Carnal Curses, Disfigured Dreams: Japanese Horror and Bizarre Cinema 1898-1949

$21.99
Type: Books

Kagami Jigoku Kobayashi

Paperback, 144 pages

Carnal Curses, Disfigured Dreams presents an illustrated, annotated and indexed filmography of all pre-war and immediately post-war Japanese films in the genres of horror, fantasy, science fiction, and weird mystery, and is the first English-language book to do so.

Due to Japan’s rich tradition of ghost stories, heroic legends and folkloric hierarchy of demonic yokai, an unusually large percentage of films made in the country’s early years of film production were based on phantastic myths and supernaturally-driven narratives. By 1915, a new genre of ninjutsu (“secret combat techniques”) films emerged, with many narratives involving shape-shifting and magic, giving rise to Japanese cinema’s first wave of special-effects technicians. In the 1930s, low-budget exploitation companies such as Kyokuto and Zensho produced dozens of pulp horror movies, including a startling hybrid genre from Kyokuto which mixed samurai and robots. Zombies, vampires, mechanical men, mad scientists, monsters, killer apes, living statues, ghosts, demons – all the iconic figures of bizarre cinema can be found in Japan’s early film output, filtered through that country’s unique lens of culture and myth.
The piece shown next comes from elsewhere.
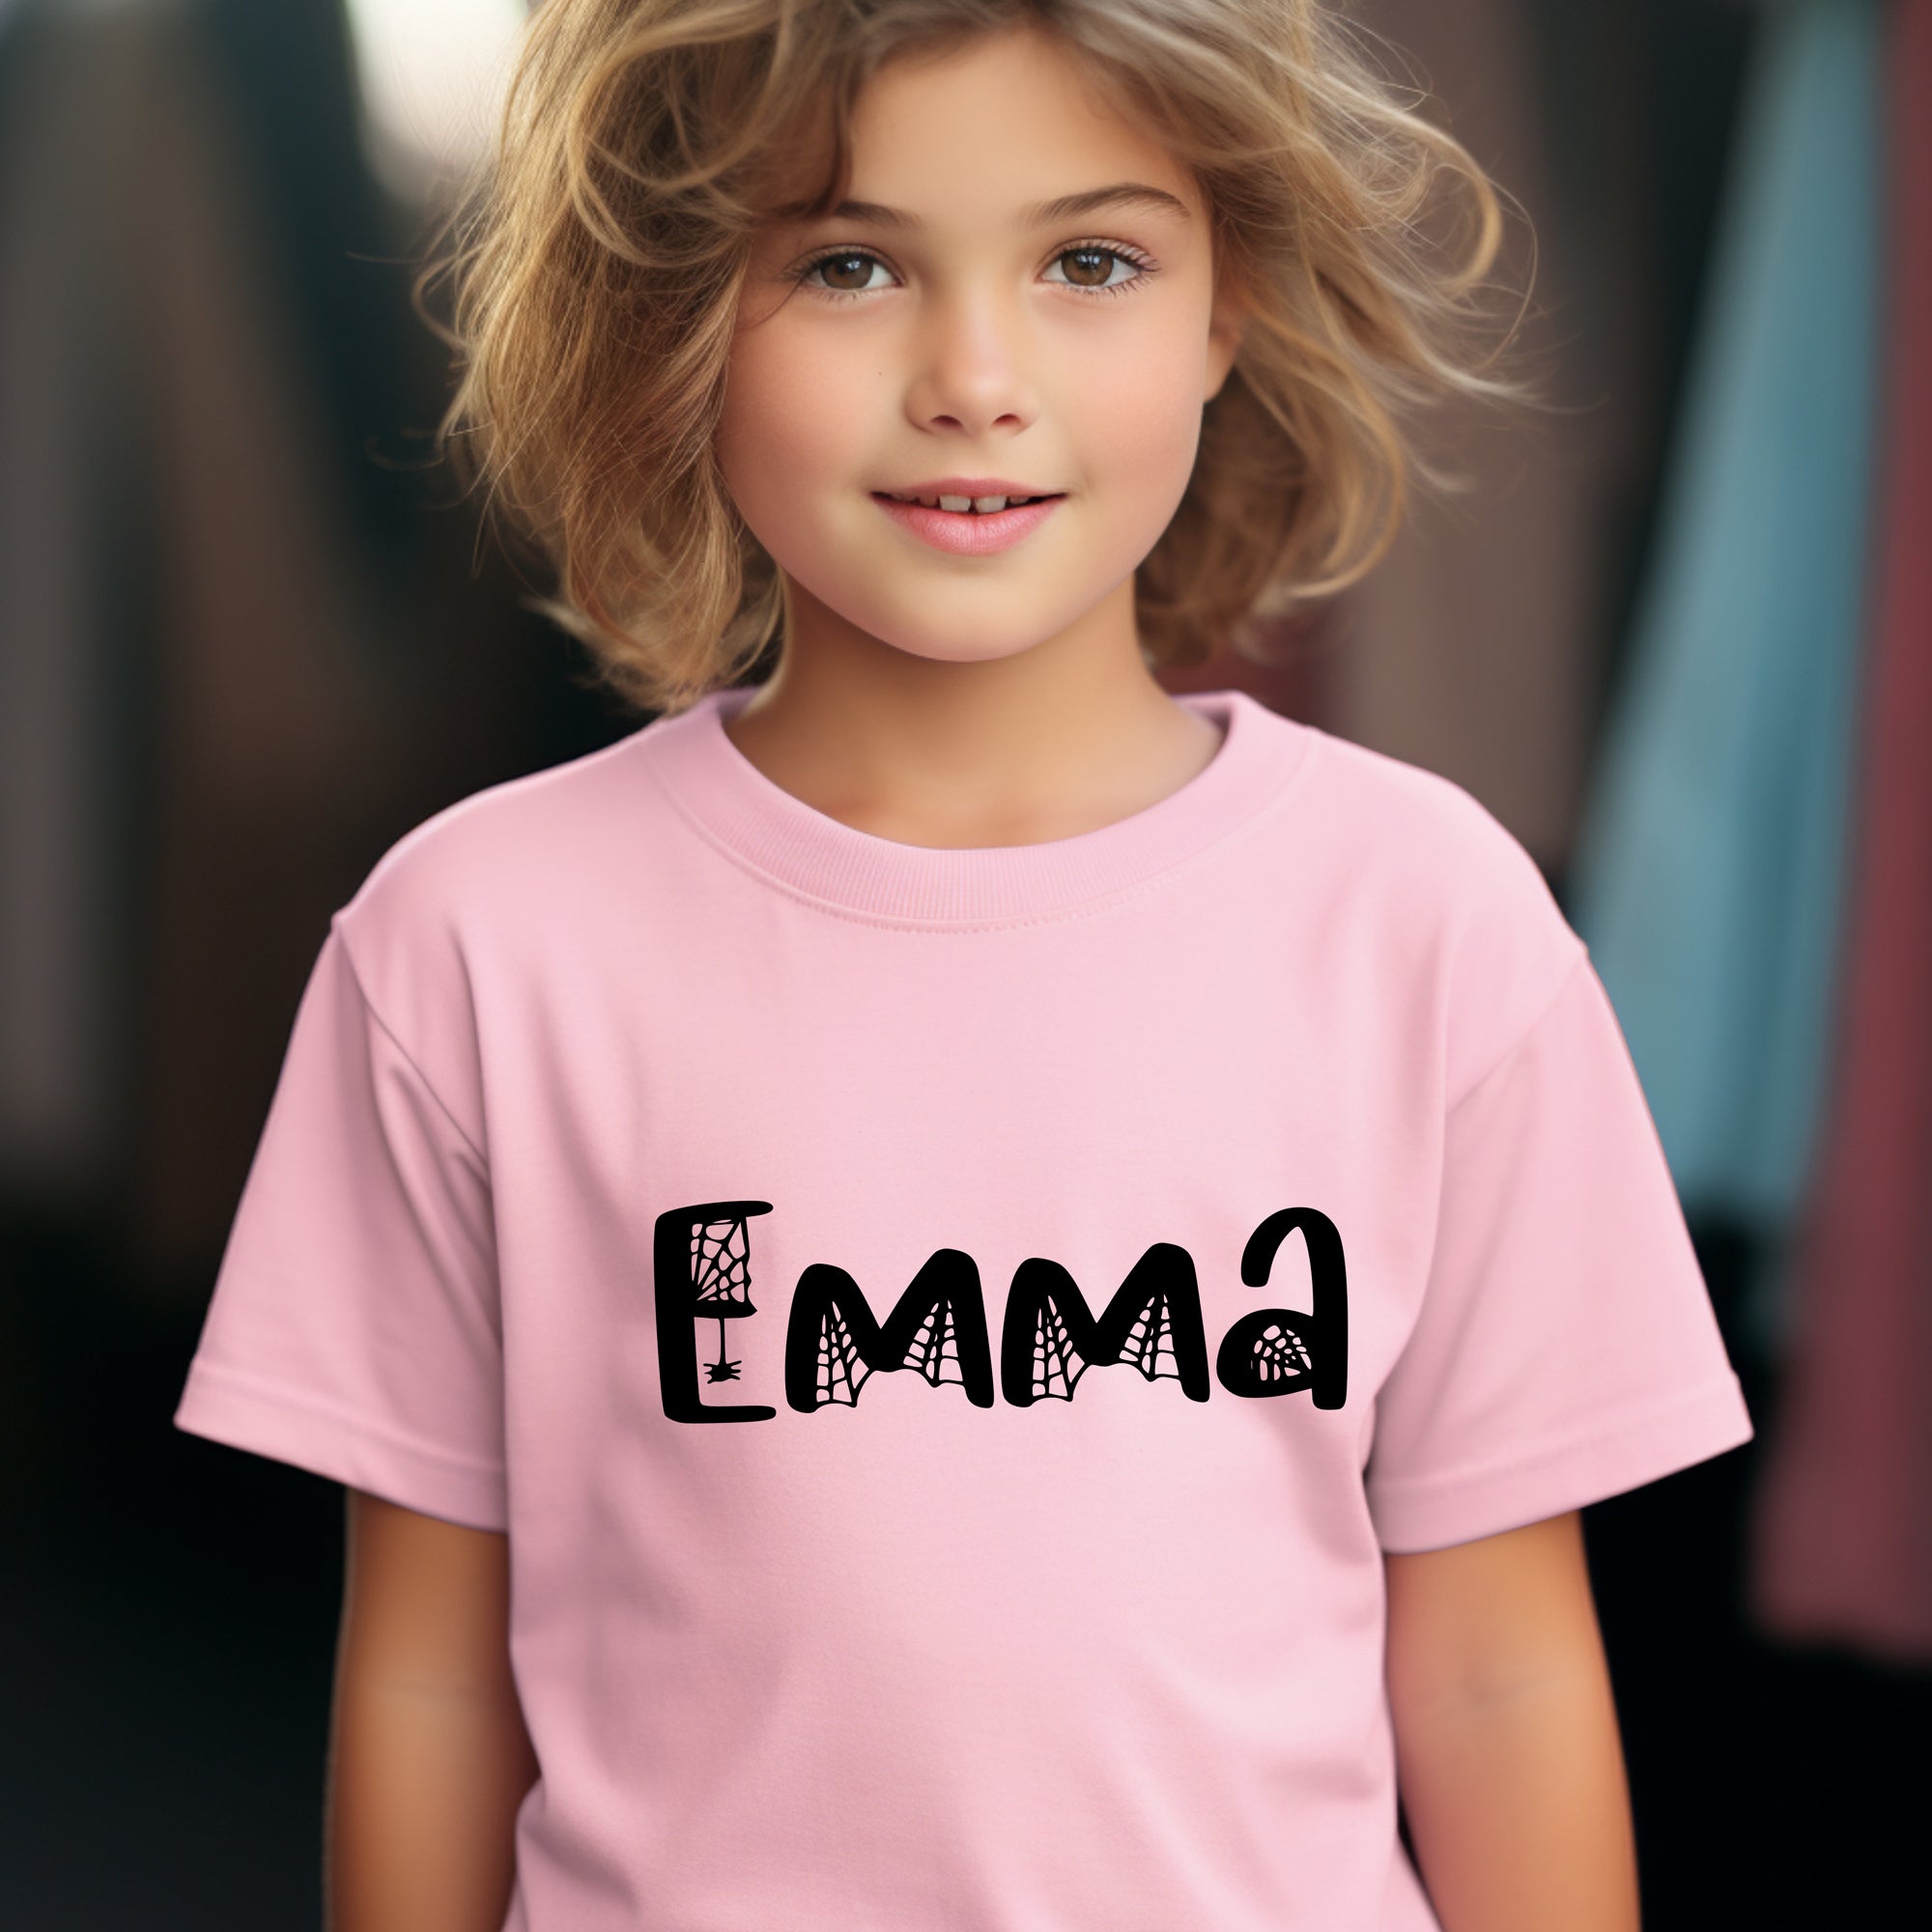 Kids Personalized Web font T-Shirt

Carnal Curses, Disfigured Dreams lists over 500 films in a detailed, chronological filmography, includes over 30 woodblock print illustrations, reproduces 65 extremely rare film production photographs and posters – most of which have never been published before, even in Japan – and concludes with an index of all films referenced in the text.

Japanese Film Perspectives is a new series of historical studies based on new and original research, and anchored around never-before-seen photographic images.